The monitor beeped again. He stood, stretched, and walked to the barred window to stare outside as if a prisoner doing time. The air conditioner didn’t help much. She could smell her stink. It filled the room. She should have aired out the shack and showered before he arrived. It embarrassed her.
She watched him from where she sat. She could feel a mania coming and fought against it. “North Dakota,” she said. “It’s a good place to go back to. There’re some good people up there. It might not be a place to live a life, but I wouldn’t mind returning there when it’s my time.”
“People nearby,” he said, clicking a fingernail against the monitor’s screen. “Three, maybe four.” He walked to the window.
“You can’t see anybody from there, through that window,” she said. “If they’re there, let them be. Some of the Americans already stateside, some here their entire lives, are filth, but they scream, ‘Send them back where they came from.’ Can you imagine any decent human being shouting such a thing? Such people are filth. Let the ones outside in. They can’t be worse than what we have. It’ll be an improvement.”
He shook his head. “We have to saddle up,” he said. “Who knows? They could be coming after us. Those Marauders and Militias springing up.” He holstered himself, reached for his Glock 47, special made for the border, and a rifle. “You coming?” he said.

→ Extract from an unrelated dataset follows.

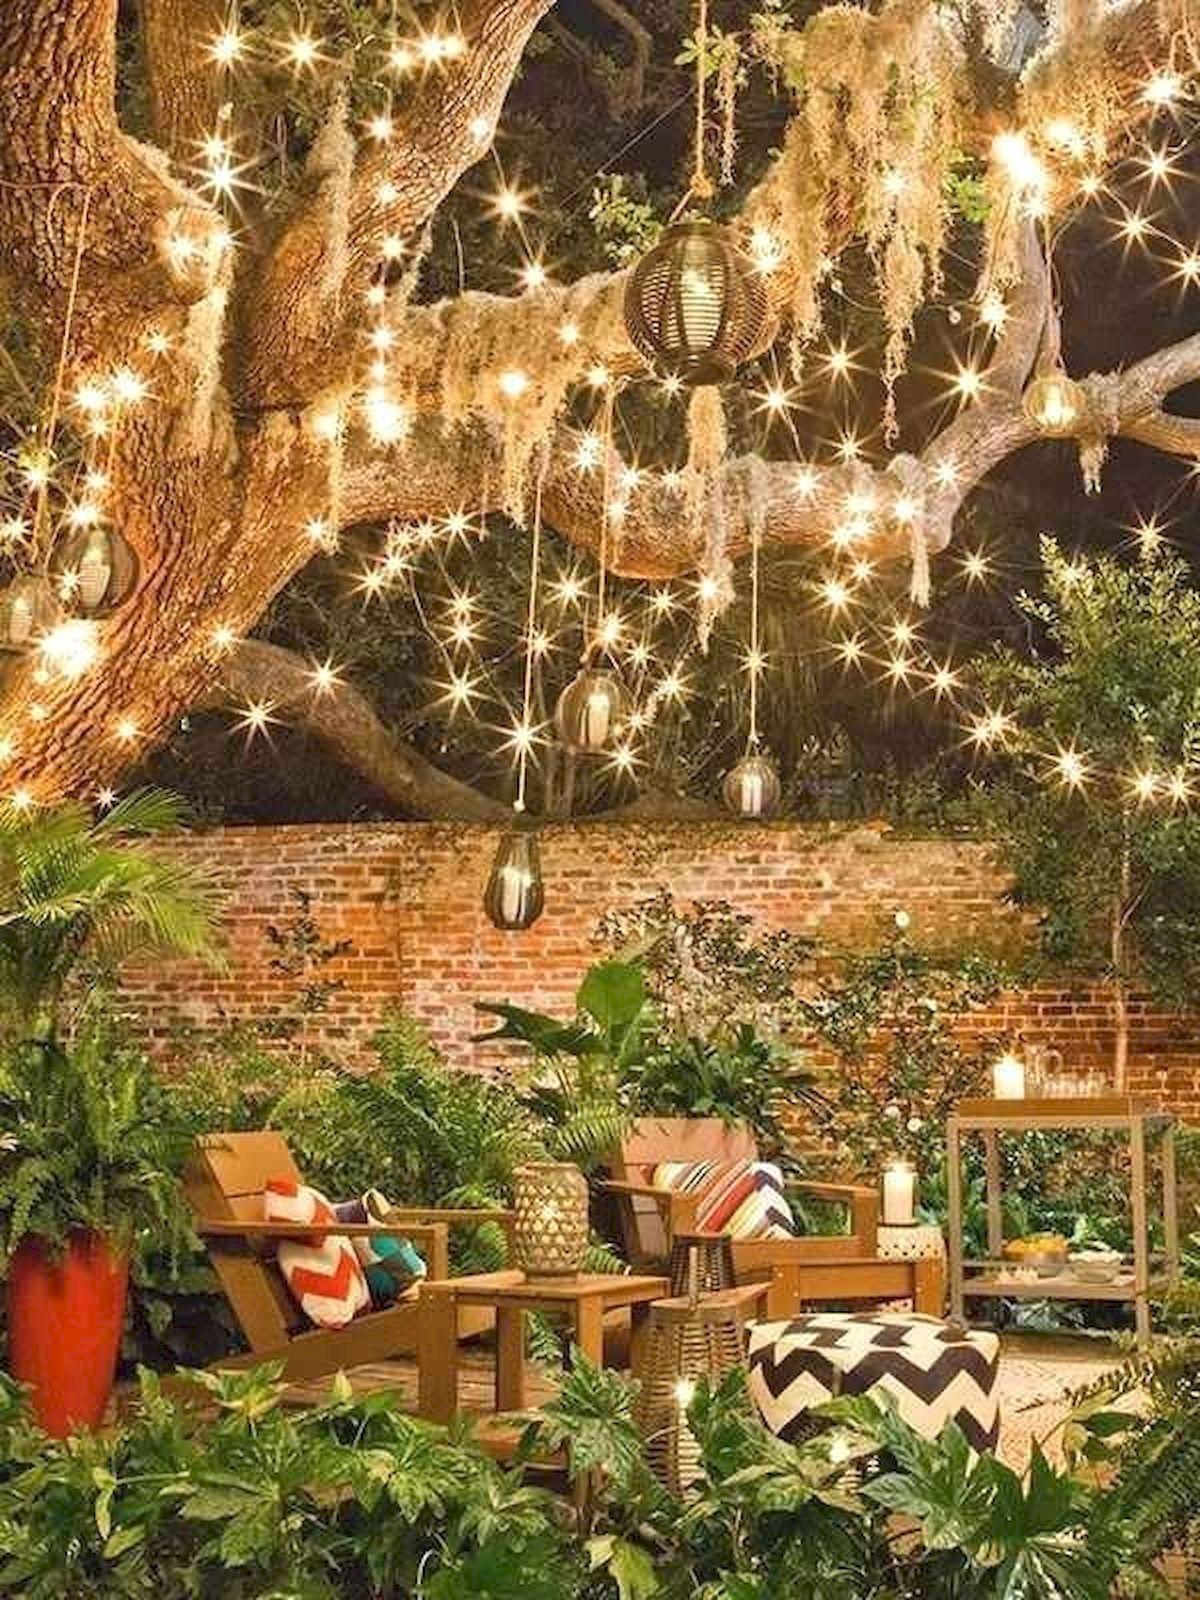 Decorating Outdoor Lighting OUTDOOR DECORATIONS

“No, dude. I’m not. Happy trails.”
He stared hard at her.
“It’s nothing,” she said. “Let it be.” She repeated the name “Serena” in her head like a prayer. She had the number memorized. She wouldn’t let him distract her.

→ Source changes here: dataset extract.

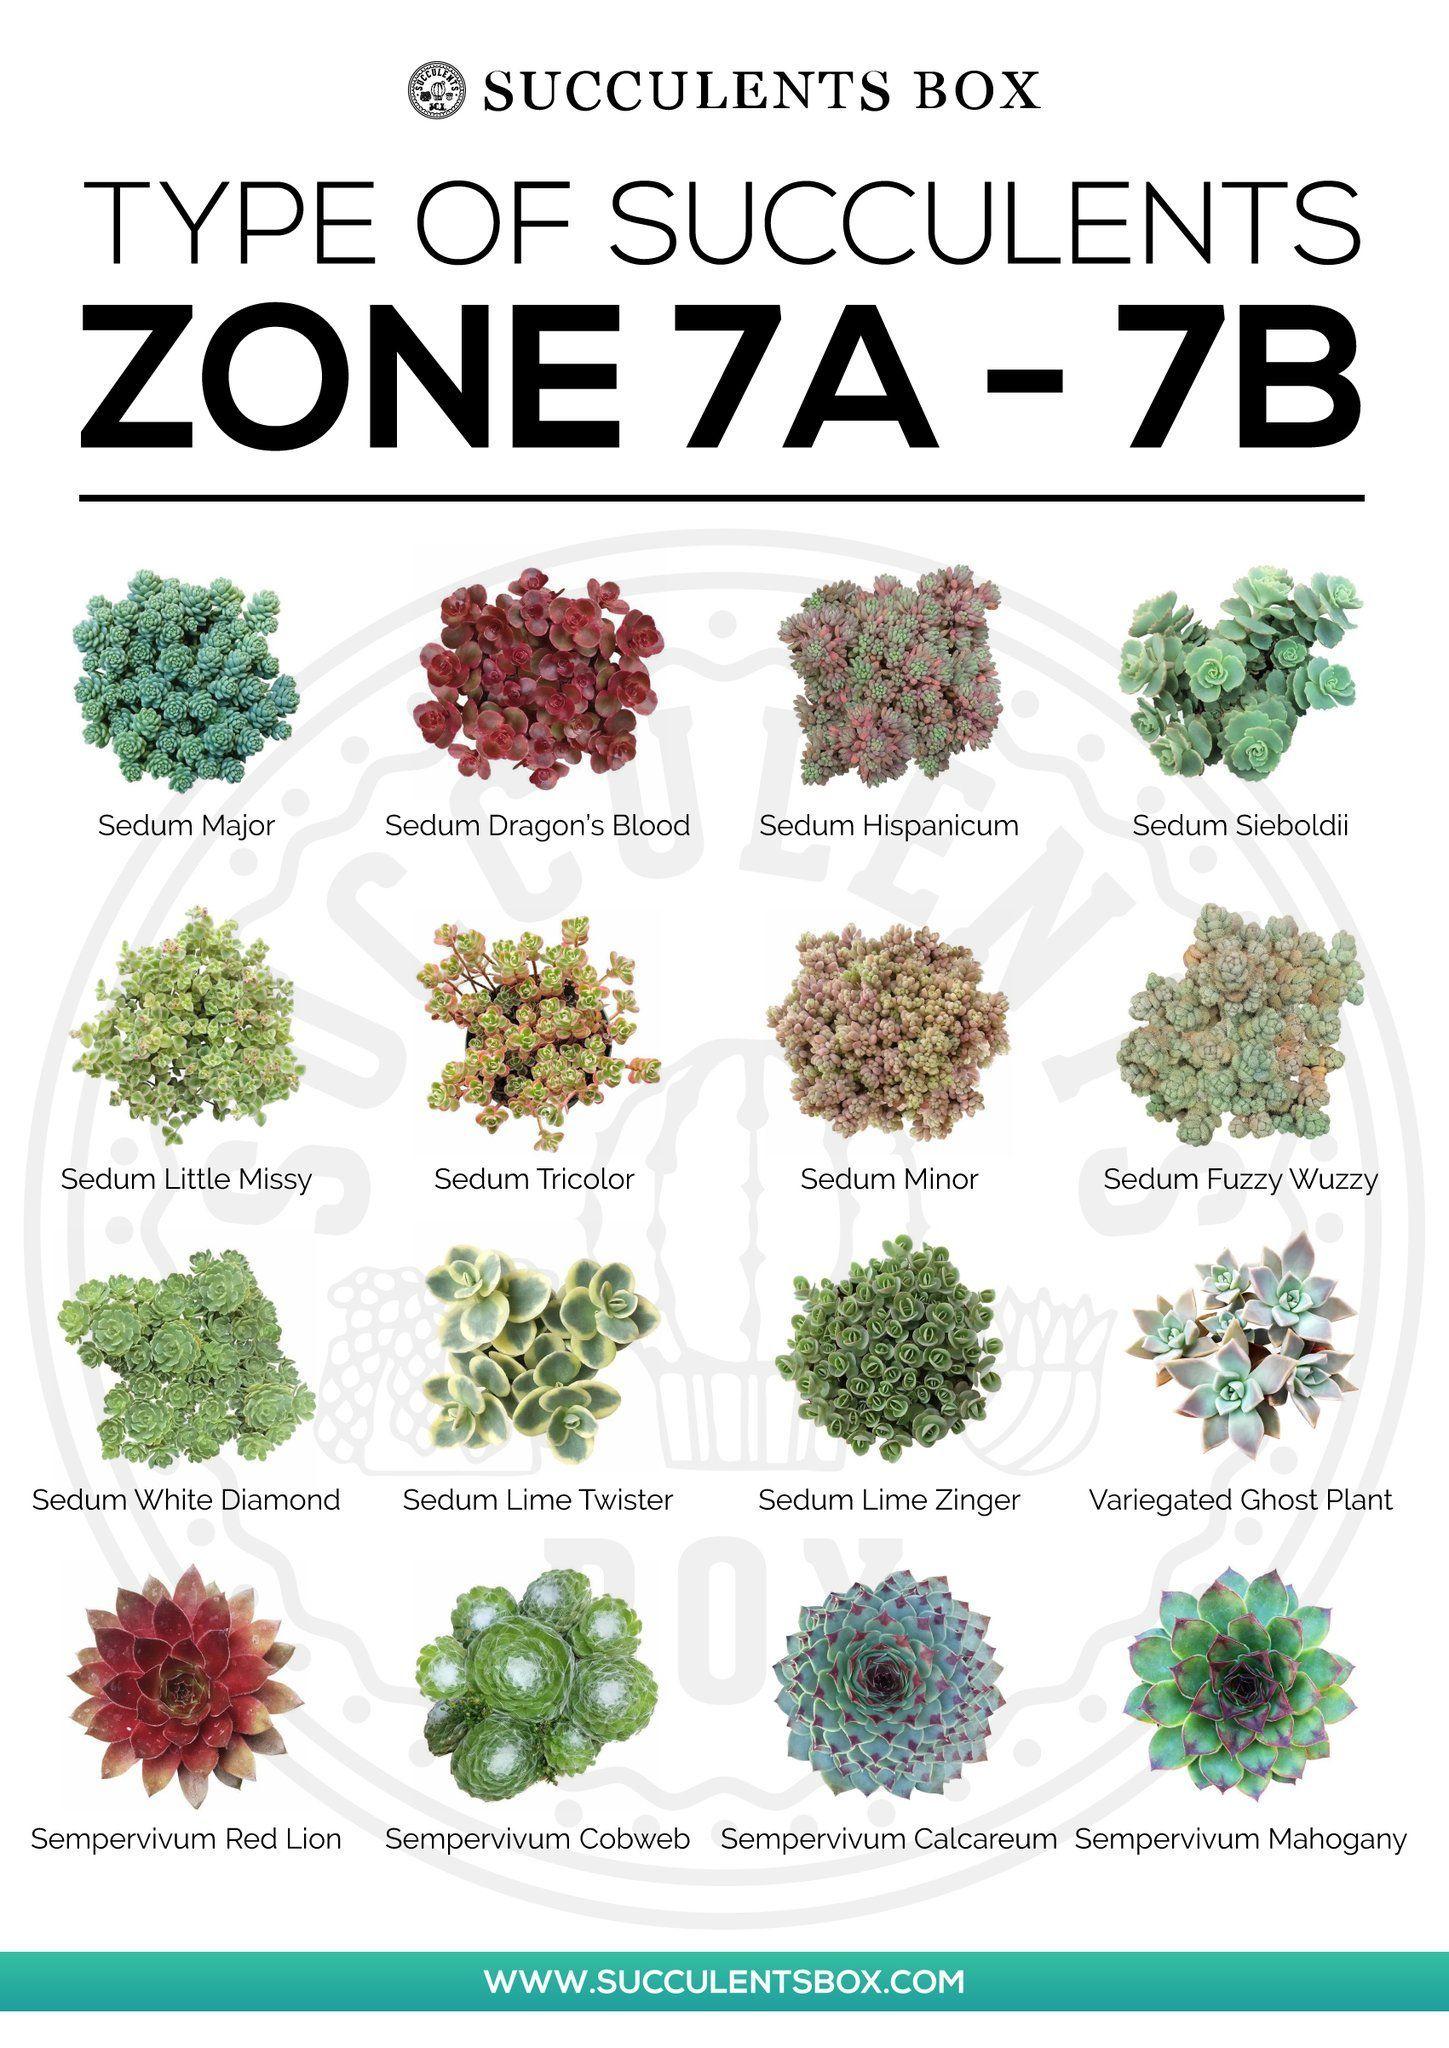 799a27dbe957e479b3d5e05b770cc814 - What Zone Is Georgia For Gardening

He stood like a statue, clenching and unclenching his fingers.
“I’m off duty,” she said. “Don’t go after nobody. Call a drone. If you must.”
“I need the job,” he said. “They don’t just monitor them. They monitor us too. You know that. Things have changed. This ain’t a democracy.”
She shrugged. “It is, for me. A democracy of one. Stay safe,” she said.
He left without goodbye. She heard him fire up the ATV. It backfired, gained traction, and roared into the desert. She decided she would go to North Dakota first, and then, if she had no luck, to Tulsa. Or maybe stop first in Tulsa, which wasn’t that far away. The city had been her mother’s Holy Grail. “Everything copacetic there, Ava,” she had said, daydreaming. “The Police are professional. The housing affordable. The people friendly.”
“Oh, yeah?” Ava had said, stoned, cynical. “Sounds like bliss.”